= Orders, decorations, and medals of Slovakia =

Slovakia has a system of orders and decorations for citizens who do great deeds for the country. With the exception of the Order of the White Double Cross, all the orders are reserved for Slovak citizens. Below is a list of national decorations, in order of importance:

==Order of the White Double Cross==
The Order of the White Double Cross is conferred only upon foreign citizens:
- for the comprehensive development of relations between the state whose citizens they are, and the Slovak Republic
- for the empowerment of the Slovak Republic's position in international relations
- for meeting the foreign policy priorities of Slovakia
- for otherwise outstanding achievement in the benefit of the Slovak Republic
- for the outstanding spread of the good reputation of Slovakia abroad

The medal of this order consists of a double white cross on a red background; the ribbon is blue with a red central stripe.
The Order of the White Double Cross is divided into three classes: 1st, 2nd, and 3rd.

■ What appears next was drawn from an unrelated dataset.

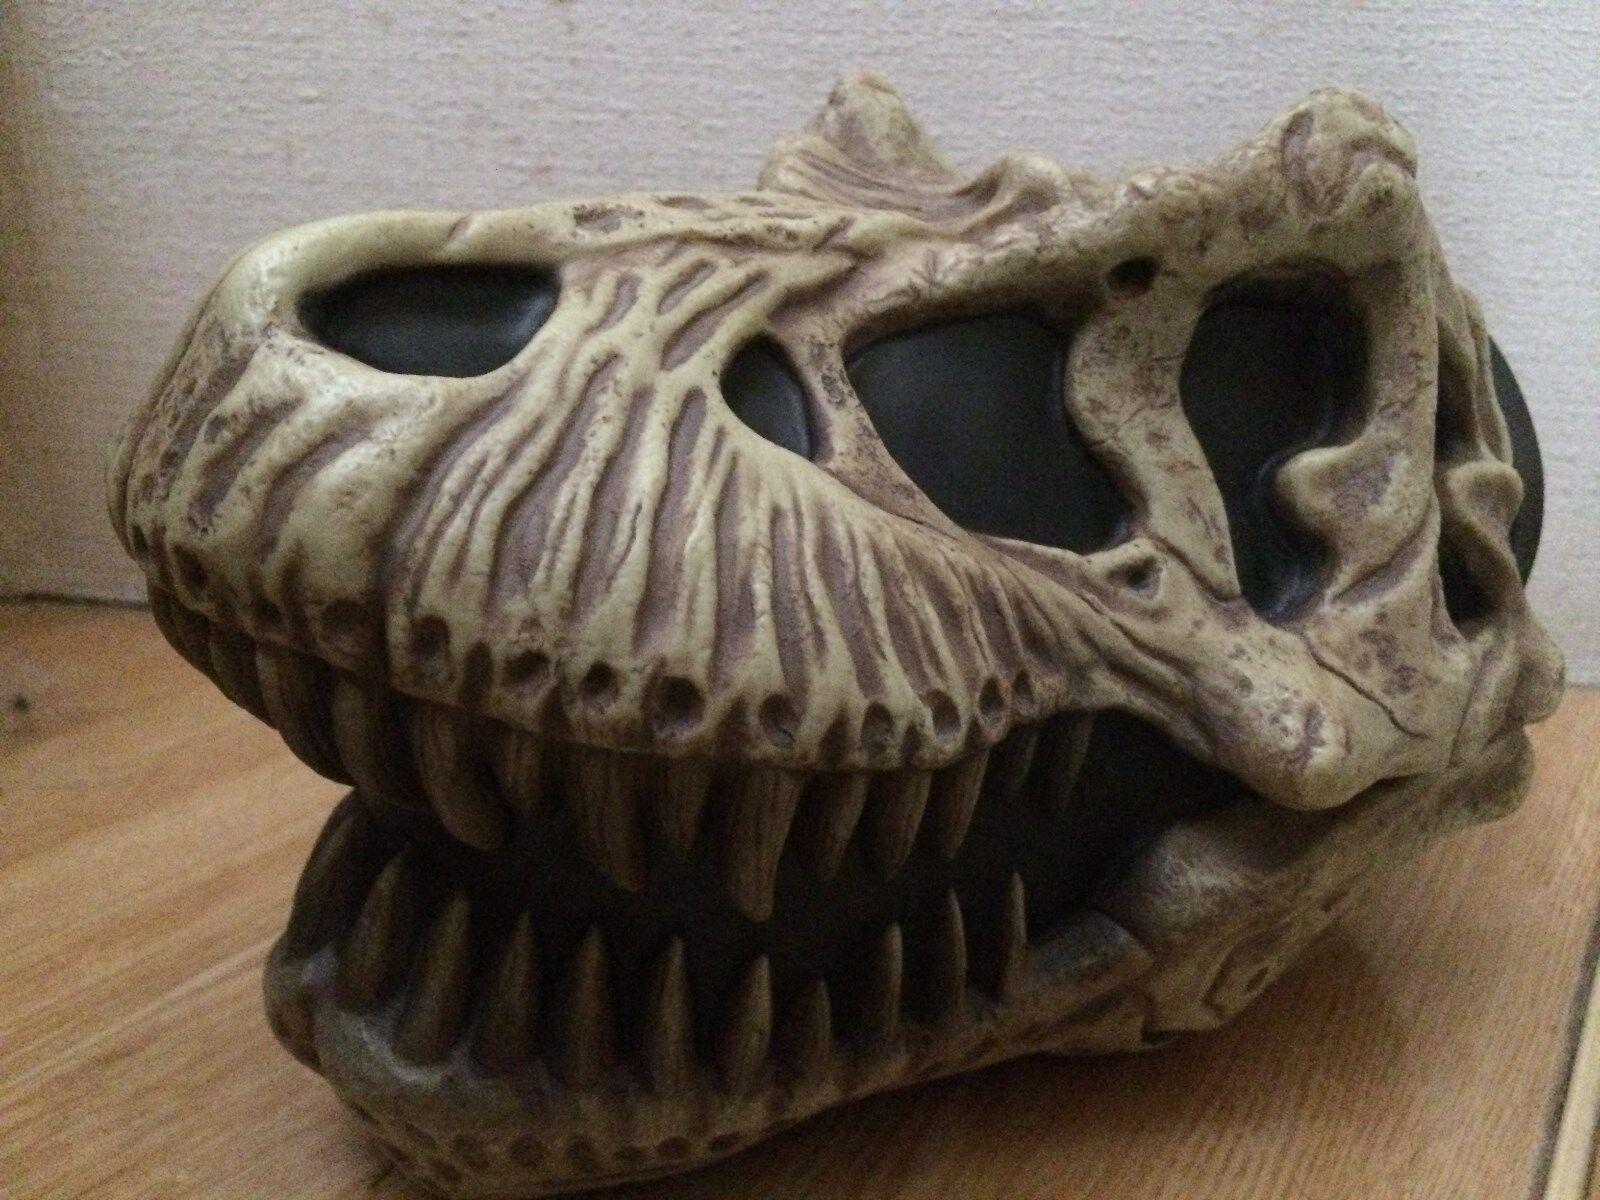 10.2in Jurassic Park perdido Palabra Jurassic Tiranosaurio T-Rex cráneo Caja Decorativa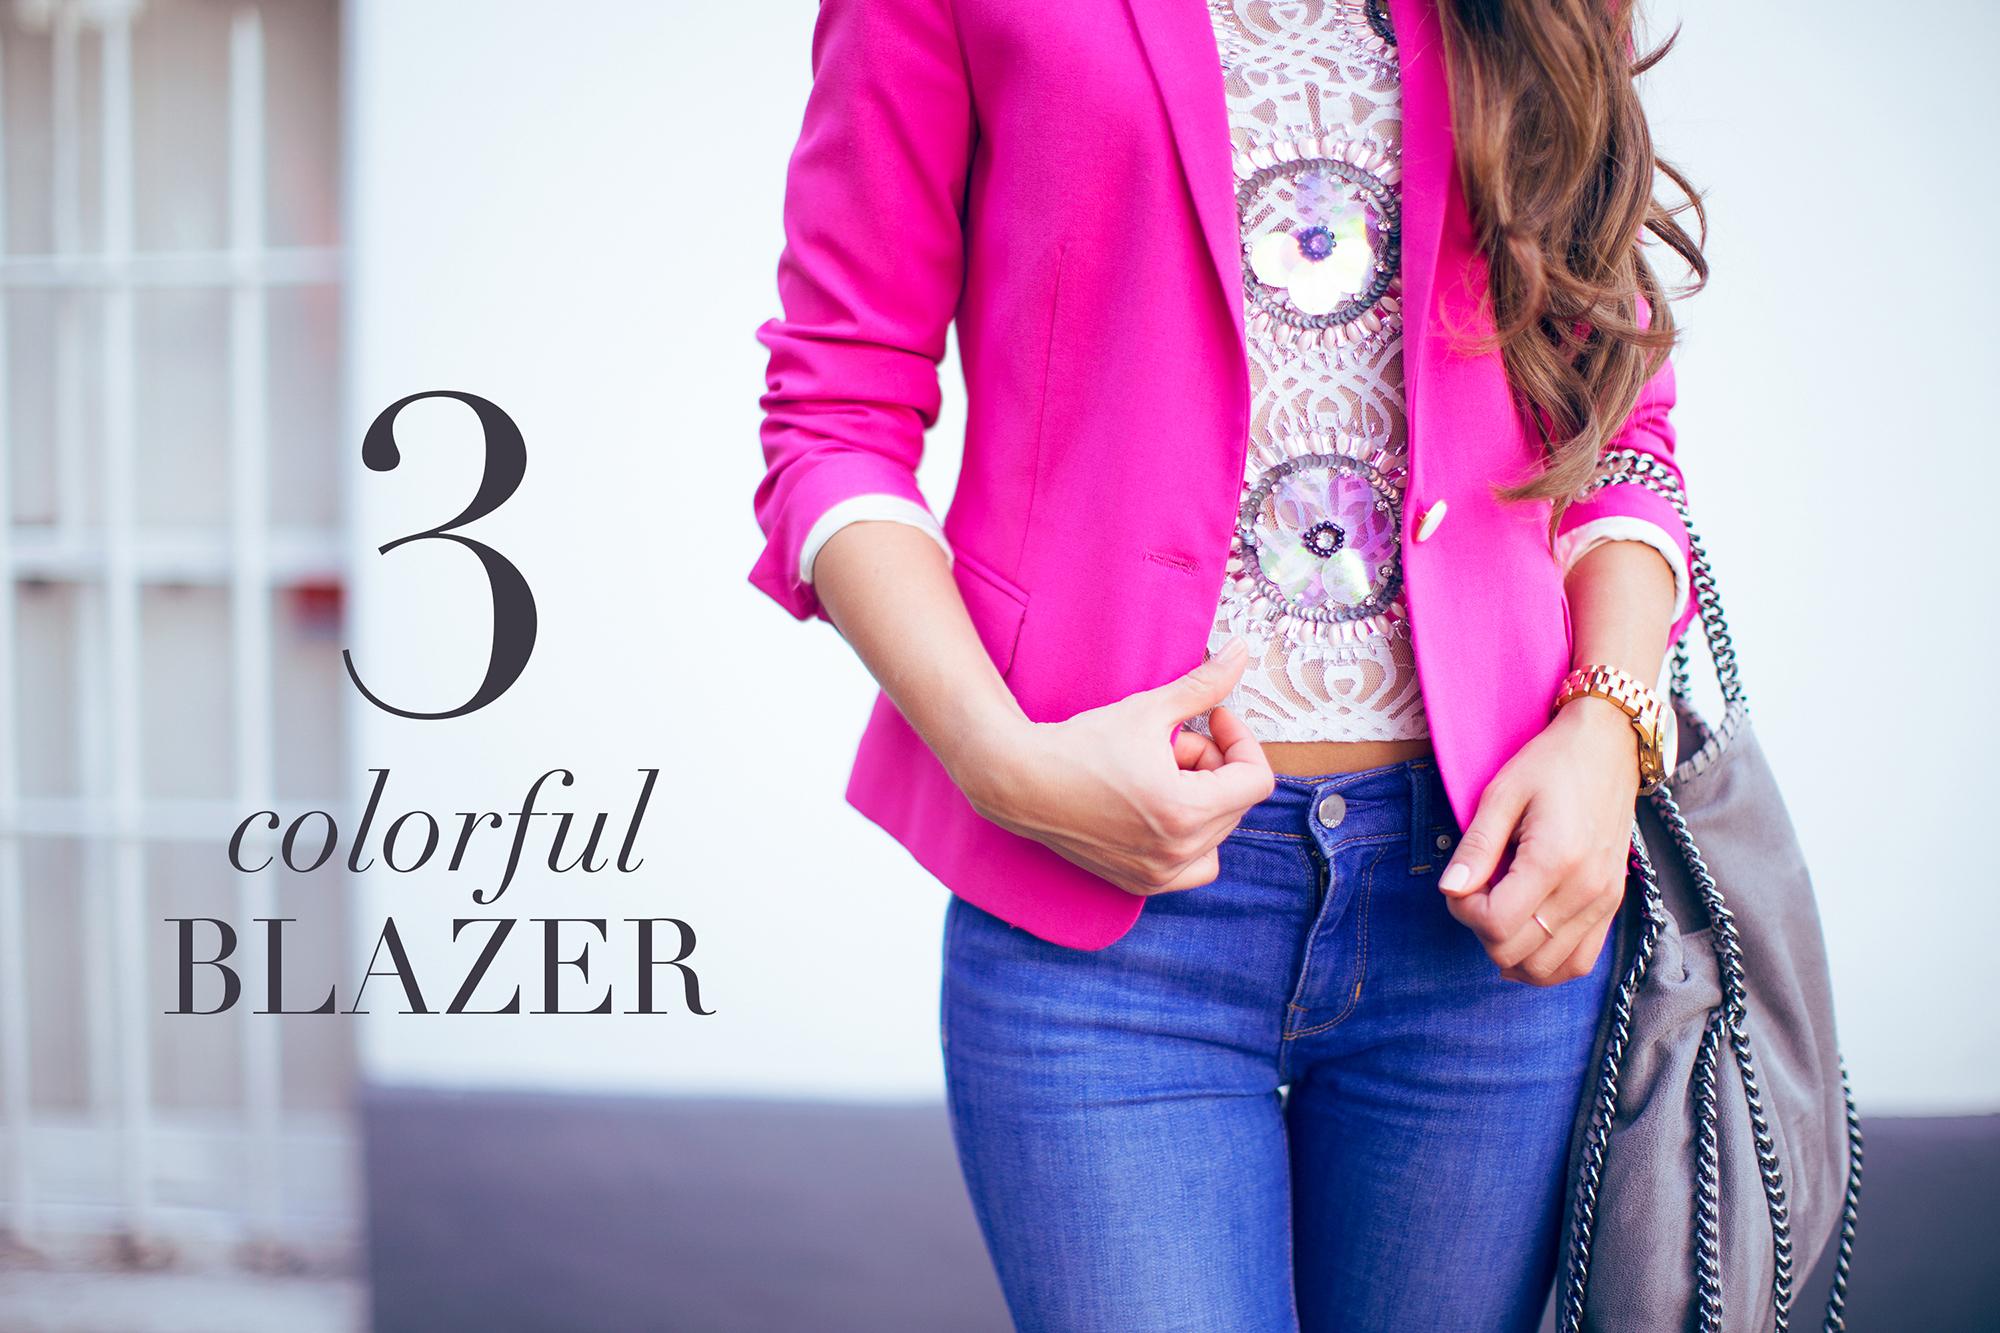 colorfulblazer2.jpg

==Order of Andrej Hlinka==
The Order of Andrej Hlinka, named after the Slovak priest and politician, is conferred upon Slovak citizens "for special merit in the establishment of the Slovak Republic". It is symbolized by a medallion with a central white cross pattée; Hlinka's profile is in the center of the cross. The ribbon is blue with a central stripe. The Order of Andrej Hlinka is divided into three classes: 1st, 2nd, and 3rd.

==Order of Ľudovít Štúr==
The Order of Ľudovít Štúr, named after the Slovak poet, philosopher, politician, and writer, is conferred upon Slovak citizens:
- for defending Slovak democracy and its development
- for defending human rights and freedoms
- for the defense and security of the Slovak Republic
- for special achievements in politics, management, and governance of the country
- for development of the economy, local authority, science and technology, education, culture, arts, sports, and social affairs
- for spreading the good reputation of Slovakia abroad

The medal of this order consists of Štúr's head on a red background; the ribbon is half white, half red, with a blue central stripe.
The Order of Ľudovít Štúr is divided into three classes: 1st, 2nd, and 3rd.

==Milan Rastislav Štefánik Cross==
The Milan Rastislav Štefánik Cross, named after the Slovak politician, aviator, and astronomer, is awarded to Slovak citizens "for risking their life to defend Slovakia, for risking their life to save another person's life, or for risking their life to save material values". The medal consists of Štefánik's head on a pale blue background; the ribbon is pale blue.
The Milan Rastislav Štefánik Cross is divided into three classes: 1st, 2nd, and 3rd.

==Pribina Cross==
The Pribina Cross, named after the 9th-century prince of Nitra, is awarded to Slovak citizens for "special merit for economic, social, or cultural development of the Slovak Republic". The medal consists of Pribina's head on a red background; the ribbon is dark red with a central crown.
The Pribina Cross is divided into three classes: 1st, 2nd, and 3rd.

==Medal of the President of the Slovak Republic==
The Medal of the President of the Slovak Republic is awarded to Slovak and foreign citizens:
- for significant merit in the management and governance of the country
- for development of the defense and security of Slovakia
- for development of the economy, local authority, science and technology, education, culture, arts, sport, and social affairs
- for spreading the good reputation of Slovakia abroad

==Medal for Bravery==
The Medal for Bravery is awarded to Slovak soldiers "for military bravery or valor".

==Cross of the President of the Slovak Republic==
The Cross of the President of the Slovak Republic, controversially established in 2001 by president Rudolf Schuster, is awarded for "extraordinary merits to the Slovak Republic, its establishment, development, and good name abroad; for the observance and protection of fundamental rights and freedoms; for the development of democracy, including ensuring the proper functioning of constitutional bodies; for development, especially in the fields of defense and security, economy, science, and technology; in the social field; in the fields of education, culture, art, and sport; and for saving human life and material values". The decoration was discontinued in 2004, upon the end of Schuster's presidency. It was divided into two classes.

==Medal for Services to Slovak Diplomacy==
The Medal for Services to Slovak Diplomacy is the highest decoration of the Slovak Ministry of Foreign and European Affairs. It is awarded for merits to foreign affairs.